Besides, it controls the default final status of a Spark application being FinalApplicationStatus.FAILED (when the flag is enabled) or FinalApplicationStatus.UNDEFINED.

The flag also controls whether to set system properties in addAmIpFilter (when the flag is enabled) or send a AddWebUIFilter instead.

Unregistering ApplicationMaster from YARN ResourceManager (unregister method)

unregister unregisters the ApplicationMaster for the Spark application from the YARN ResourceManager.

unregister(status: FinalApplicationStatus, diagnostics: String = null): Unit
Note
It is called from the cleanup shutdown hook (that was registered in ApplicationMaster when it started running) and only when the application’s final result is successful or it was the last attempt to run the application.

It first checks that the ApplicationMaster has not already been unregistered (using the internal unregistered flag). If so, you should see the following INFO message in the logs:

INFO ApplicationMaster: Unregistering ApplicationMaster with [status]

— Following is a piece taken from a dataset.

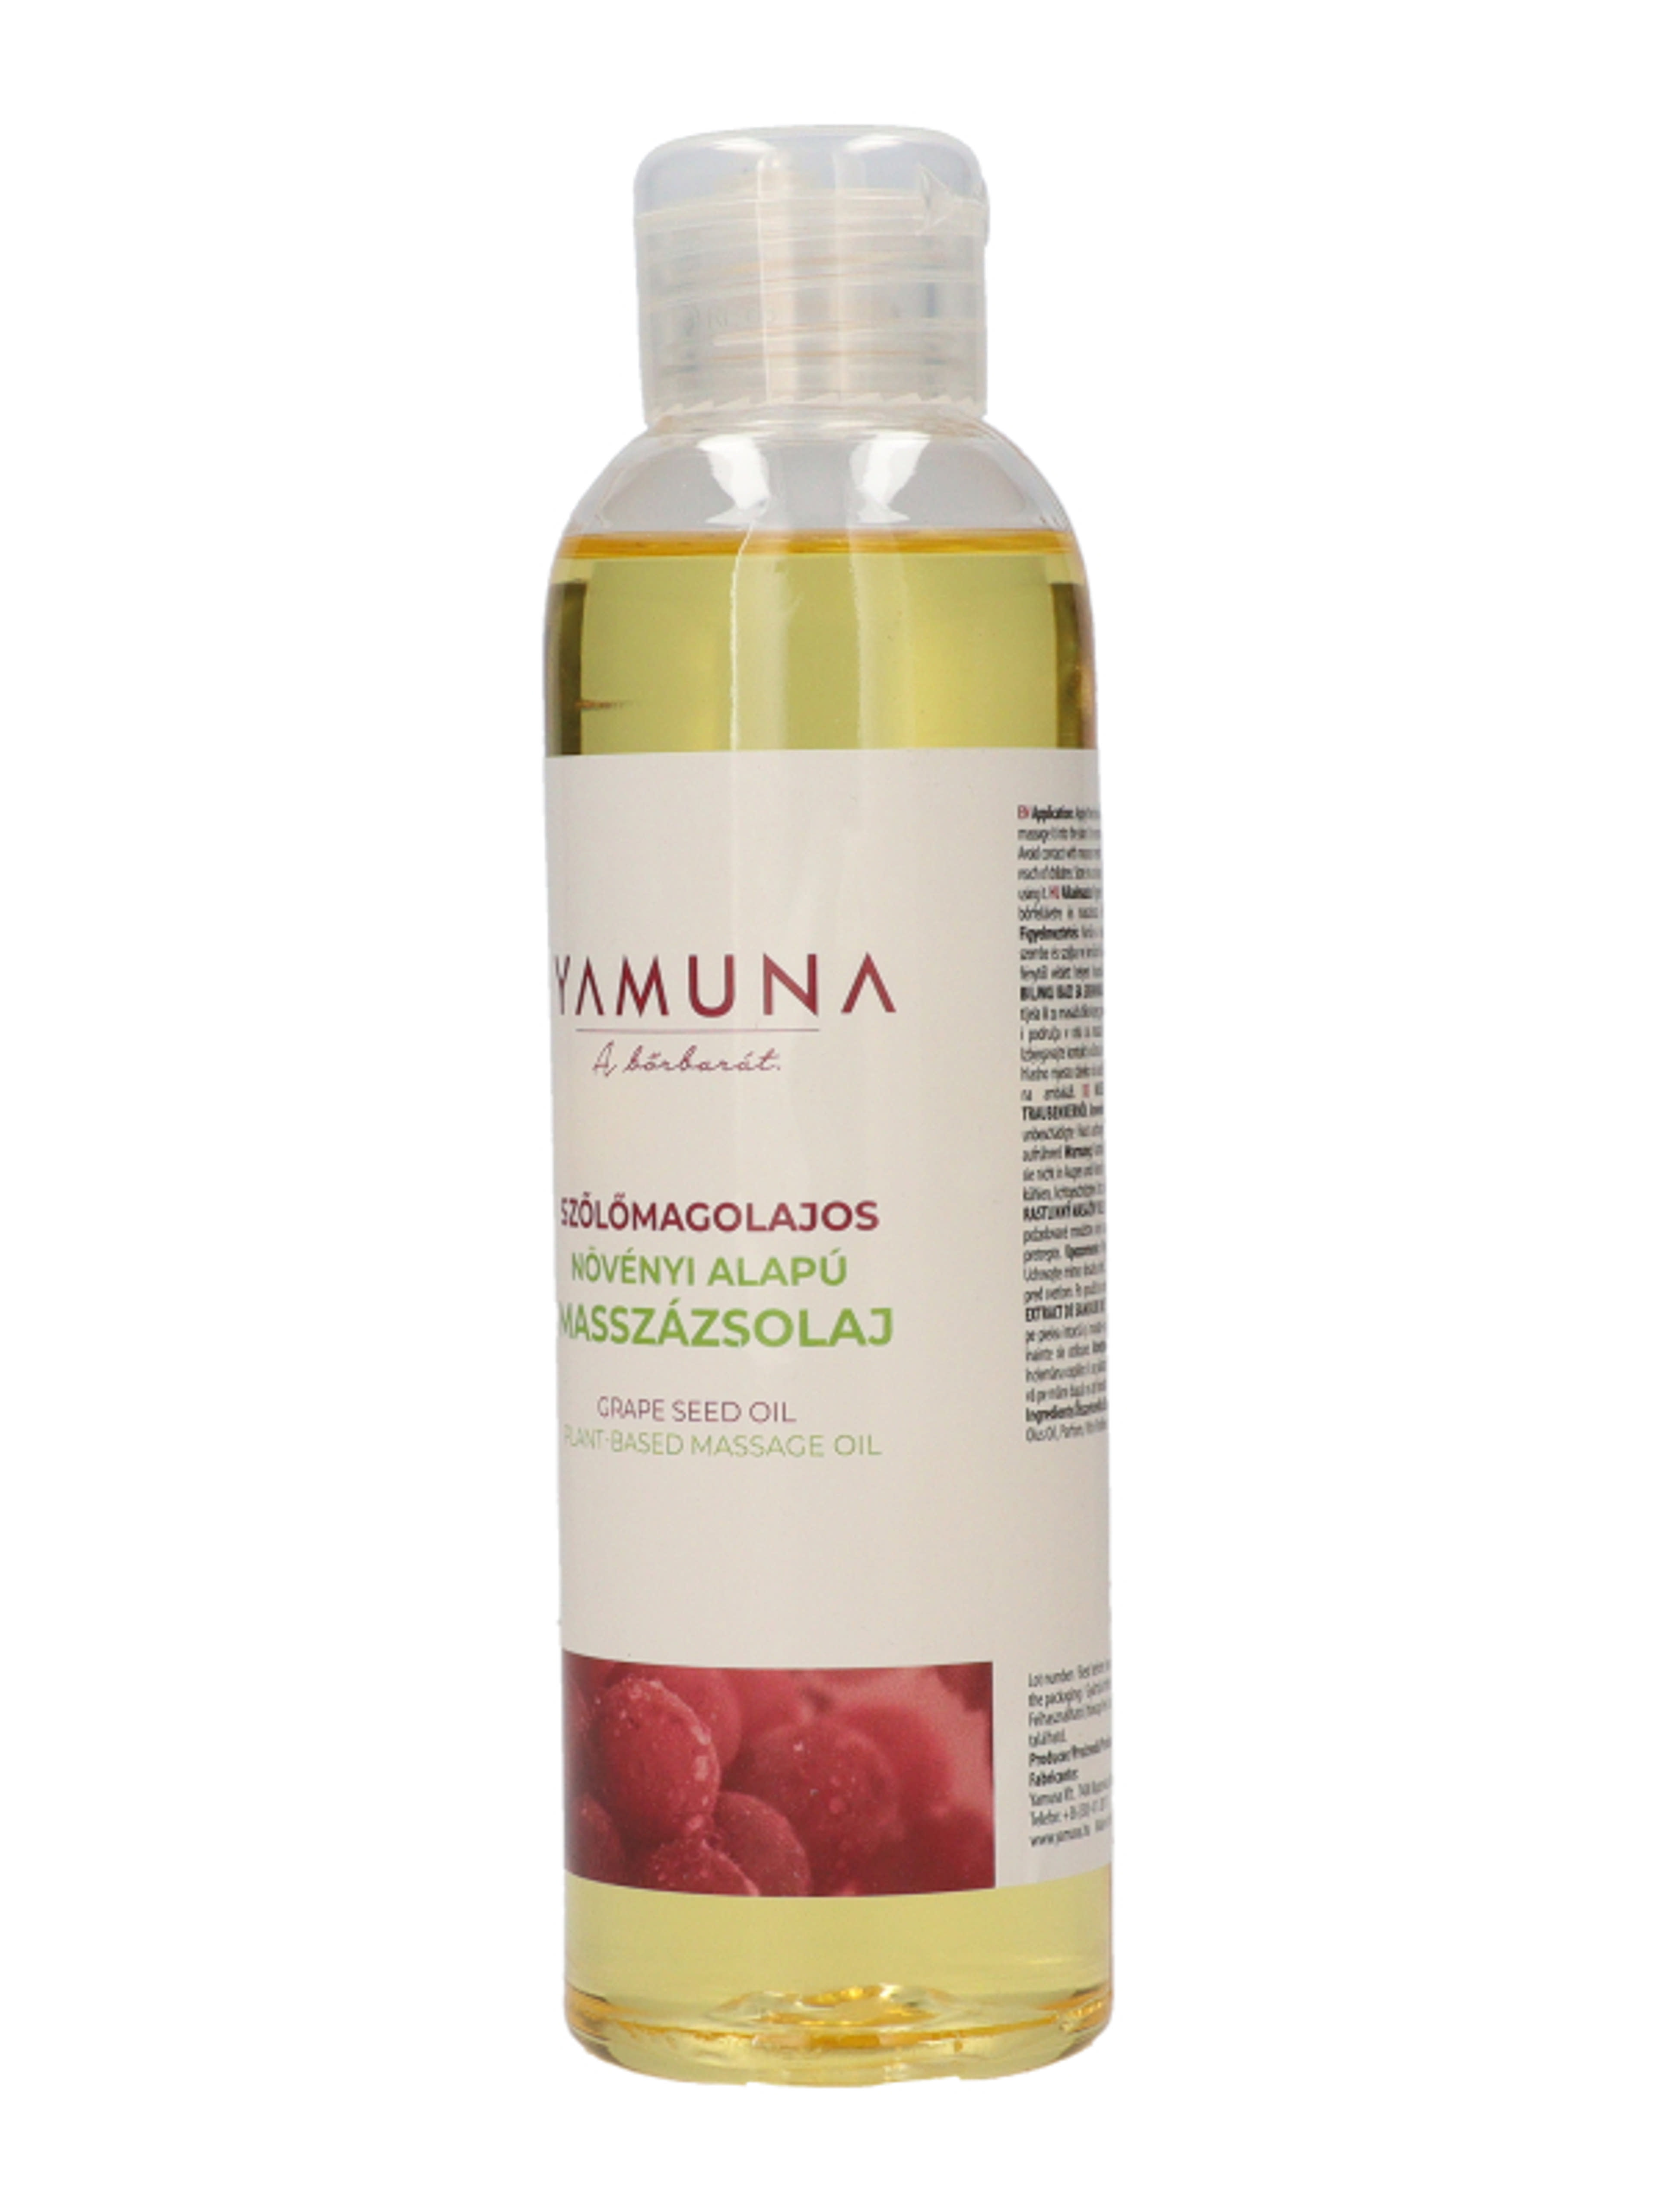 Yamuna szőlőmagos masszázsolaj - 250 ml-4

There can also be an optional diagnostic message in the logs:

(diag message: [msg])

The internal unregistered flag is set to be enabled, i.e. true.

It then requests YarnRMClient to unregister.

Cleanup Shutdown Hook

Internally, it checks the internal finished flag, and if it is disabled, it marks the Spark application as failed with EXIT_EARLY.

If the internal unregistered flag is disabled, it unregisters the Spark application and cleans up the staging directory afterwards only when the final status of the ApplicationMaster’s registration is FinalApplicationStatus.SUCCEEDED or the number of application attempts is more than allowed.

The shutdown hook runs after the SparkContext is shut down, i.e. the shutdown priority is one less than SparkContext’s.

The shutdown hook is registered using Spark’s own ShutdownHookManager.addShutdownHook.

finish

Caution
FIXME

ExecutorLauncher

ExecutorLauncher comes with no extra functionality when compared to ApplicationMaster. It serves as a helper class to run ApplicationMaster under another class name in client deploy mode.

With the two different class names (pointing at the same class ApplicationMaster) you should be more successful to distinguish between ExecutorLauncher (which is really a ApplicationMaster) in client deploy mode and the ApplicationMaster in cluster deploy mode using tools like ps or jps.

Note
Consider ExecutorLauncher a ApplicationMaster for client deploy mode.

Obtain Application Attempt Id (getAttemptId method)

getAttemptId(): ApplicationAttemptId

getAttemptId returns YARN’s ApplicationAttemptId (of the Spark application to which the container was assigned).

Internally, it queries YARN by means of YarnRMClient.

addAmIpFilter helper method

addAmIpFilter(): Unit

addAmIpFilter is a helper method that …​???

In cluster deploy mode (when ApplicationMaster runs with web UI), it sets spark.ui.filters system property as org.apache.hadoop.yarn.server.webproxy.amfilter.AmIpFilter. It also sets system properties from the key-value configuration of AmIpFilter (computed earlier) as spark.org.apache.hadoop.yarn.server.webproxy.amfilter.AmIpFilter.param.[key] being [value].

In client deploy mode (when ApplicationMaster runs on another JVM or even host than web UI), it simply sends a AddWebUIFilter to ApplicationMaster (namely to AMEndpoint RPC Endpoint).